2. Modelling visual attention
The approach we take here is to consider vision as part of a control process where a human, or agent, actively chooses task-relevant information from the environment to guide actions and achieve goals [4–8]. Our visual task module approach is inspired by human visual behaviour, in particular a foveated visual system that can be highly specific in accessing particular pieces of information over time. Others have also suggested similar control theoretic or top-down driven approaches [5,9,10]. However, these models have not been applied to modelling human eye movements in a naturalistic, interactive three-dimensional setting. Our critical assumption is that complex behaviour can be broken down into simpler sub-tasks (which we refer to as modules), which operate independently of each other. This approach is suggested by observations of eye movements in natural behaviour, where subjects sequentially query the visual image for highly specific task-relevant information, and use that information selectively to accomplish a particular sub-task [11–13]. The problem then reduces to one of choosing which set of sub-tasks should receive new sensory information at any moment.
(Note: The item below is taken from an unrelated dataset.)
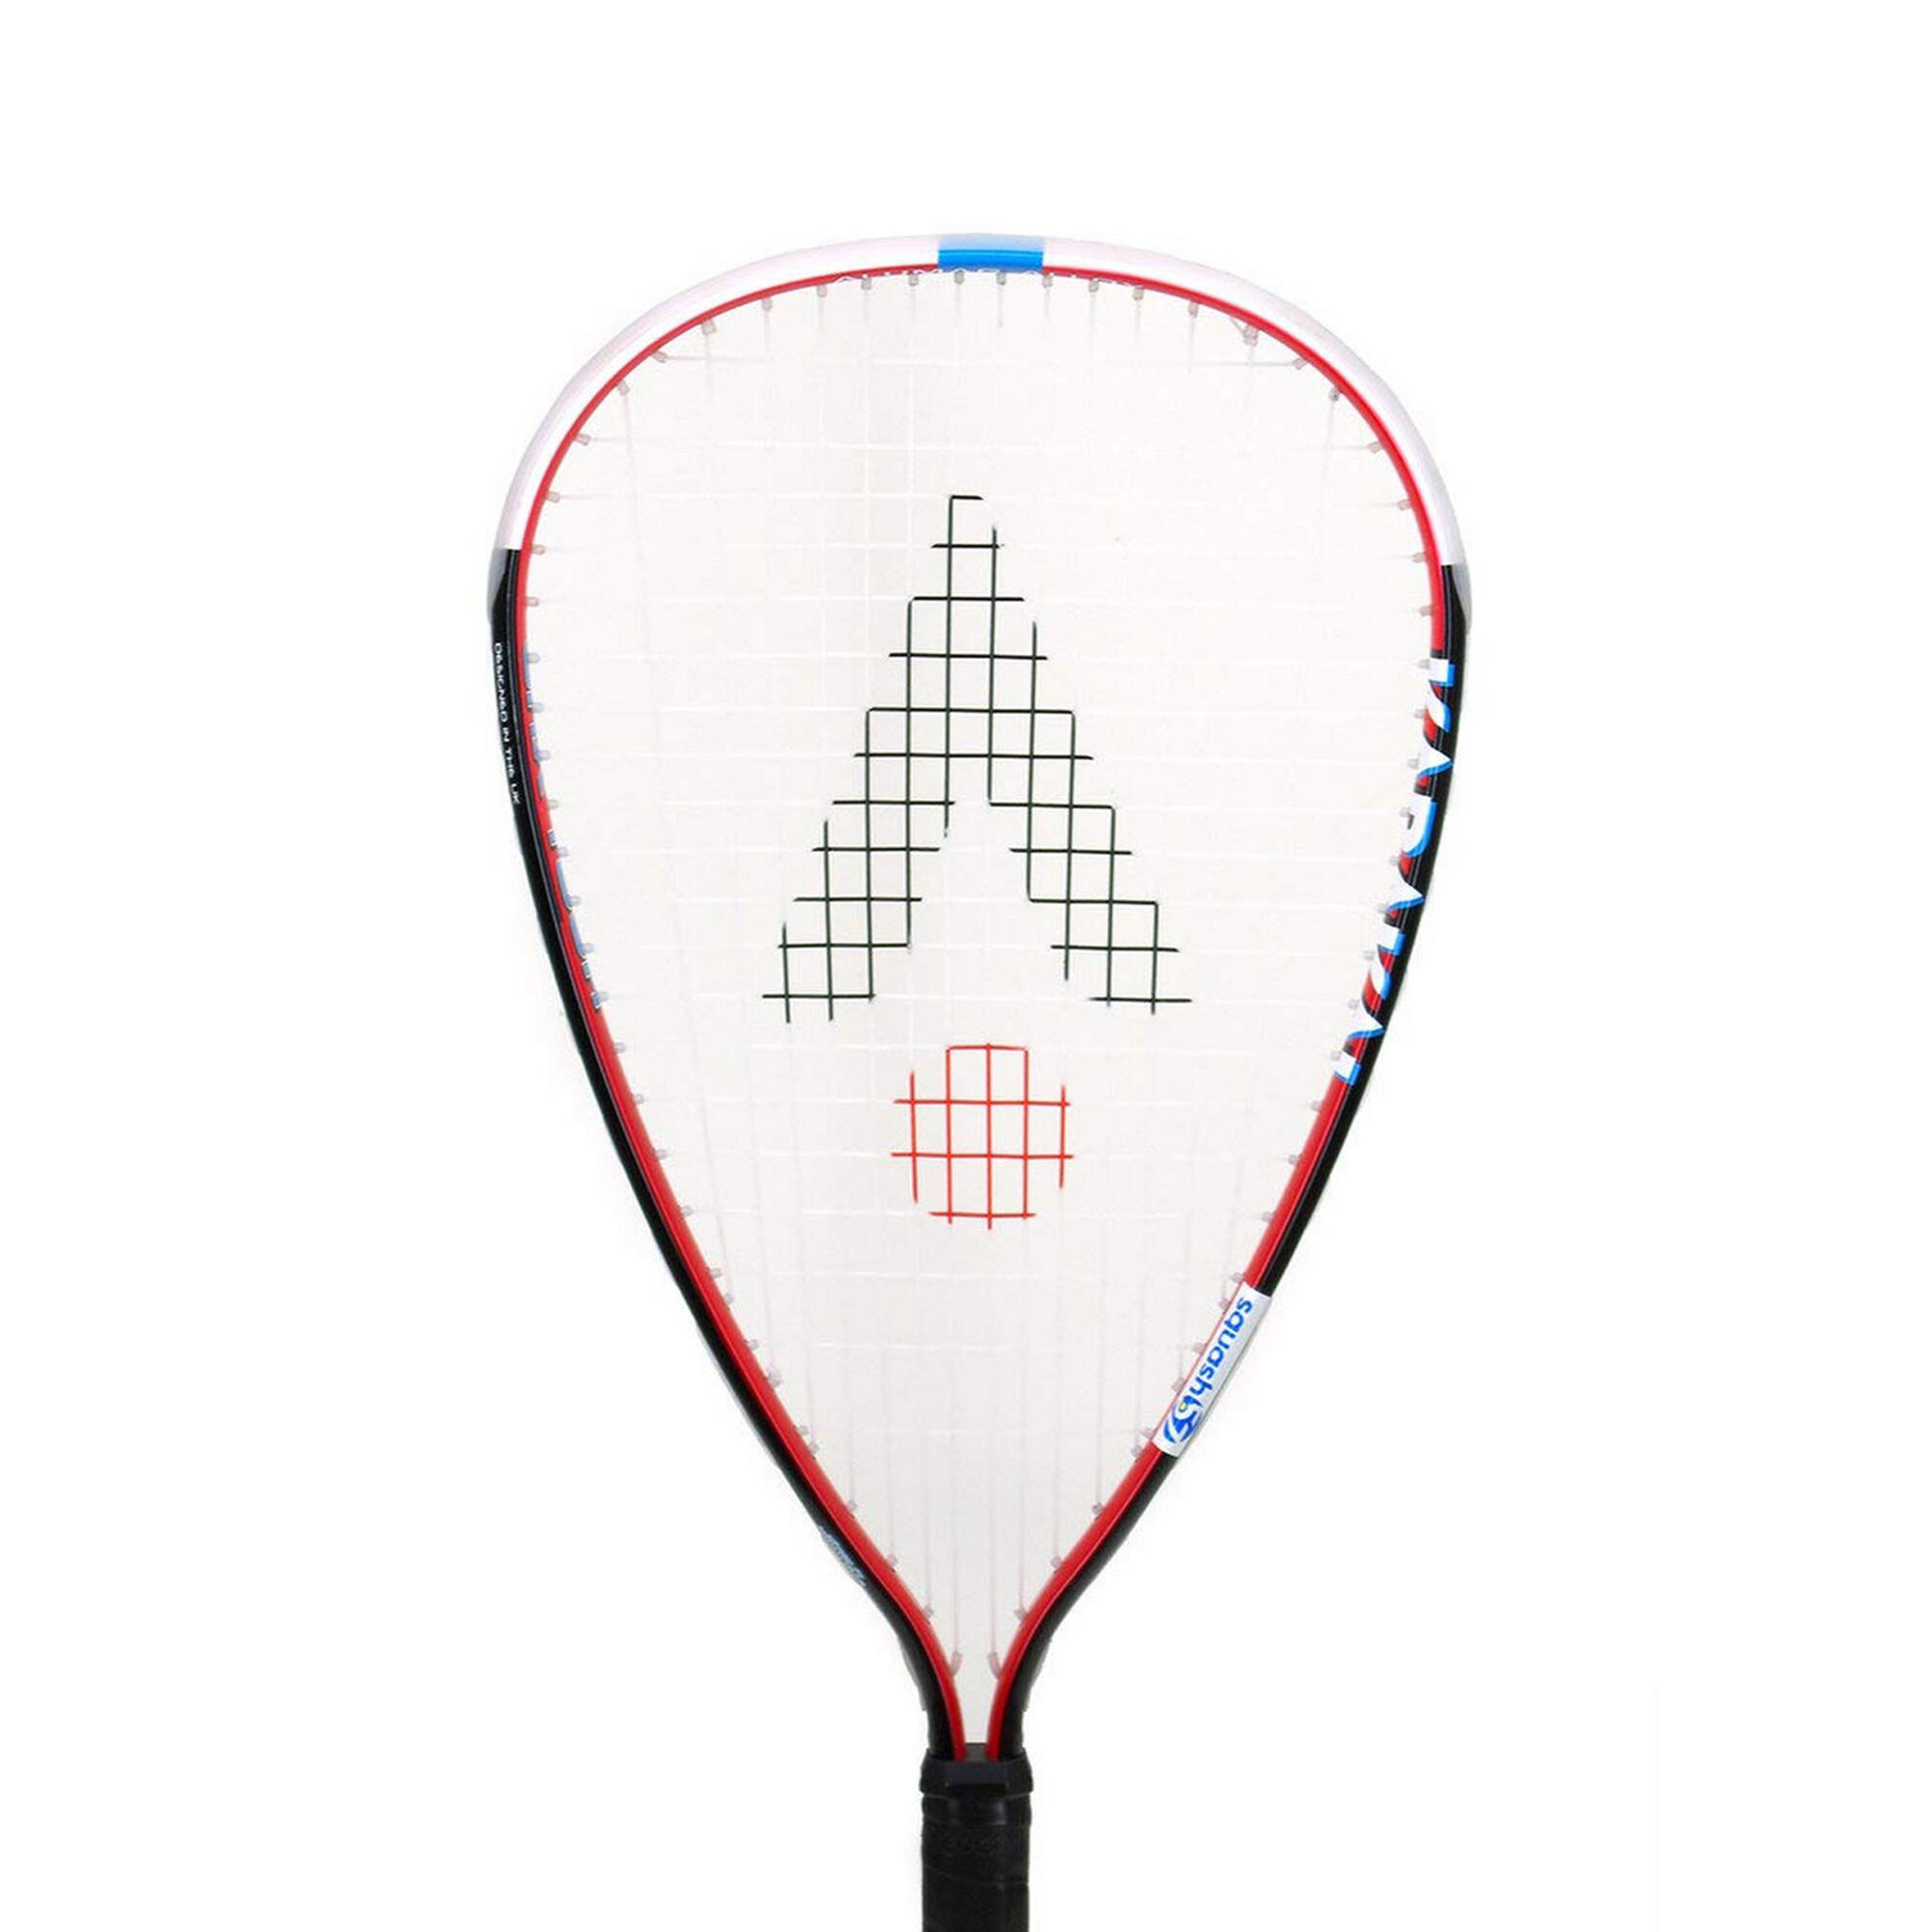 CRXTour Racquetball Racket (Black/White/Red) 3/3

One hypothesis is that sub-tasks are selected to be updated on the basis of a combination of both the behavioural importance of a specific goal, and the module's uncertainty about task-relevant visual information. This process can be formalized by using explicit representations of reward and uncertainty. This type of uncertainty-weighted reward decision framework was proposed by Sprague et al. . They demonstrated a simulated agent that could successfully select task-relevant visual information coordinated among three competing tasks involved in navigation. However, this model was not applied to directly predict human gaze behaviour. This paper demonstrates a similar model of human visual processing and control where task-oriented modules representing reward and uncertainty are used to direct driving in a dynamic, noisy environment. Additionally, the model generates temporal variations in gaze deployment similar to those seen in humans driving in a virtual environment.
Each task module depends on its own set of world-state variables that are relevant to its specific task. In our model, we attempt to replicate the conditions of Sullivan et al. , and include modules for following a car, maintaining a constant speed and staying in a lane. In our driving simulation, relevant state variables for a car-following task module were the agent car's distance to a desired distance behind the leader and the difference between the agent's heading and the angle of this goal. The relevant state variable for a constant speed maintenance module was the absolute speed of the car. Finally, the lane module uses the car's angle to the nearest lane centre. These task modules run concurrently. However, to incorporate a foveation constraint, only one module at a time actively gains new perceptual information. While the human visual system is highly parallel, processing and attentional focus are largely biased towards the fovea, meaning humans typically get information in a serial fashion by foveating different objects over time. We assume that a consequence of this serial process is that when one visual task is accessing new information all other tasks must rely on noisy memory estimates. Based on averages from human data, fixation target selection calculations are repeated every 300 ms. In our data analysis, we accumulate multiple consecutive fixations onto the same object into ‘looks’, replicating the methodology of Sullivan et al.  (also discussed in ).
Figure 1 depicts important elements of Sullivan et al.'s experiment relevant to our model. Subjects were instructed to drive lawfully and to successfully balance the two competing tasks of following a leader car (by maintaining a constant distance behind and staying in the same lane as the leader) and maintaining a constant prespecified speed. Figure 1a,b demonstrates examples of a human subject's fixating the leader car and speedometer, respectively. A photo of the simulator set-up and a subject wearing a head mounted display while driving is shown in figure 1c.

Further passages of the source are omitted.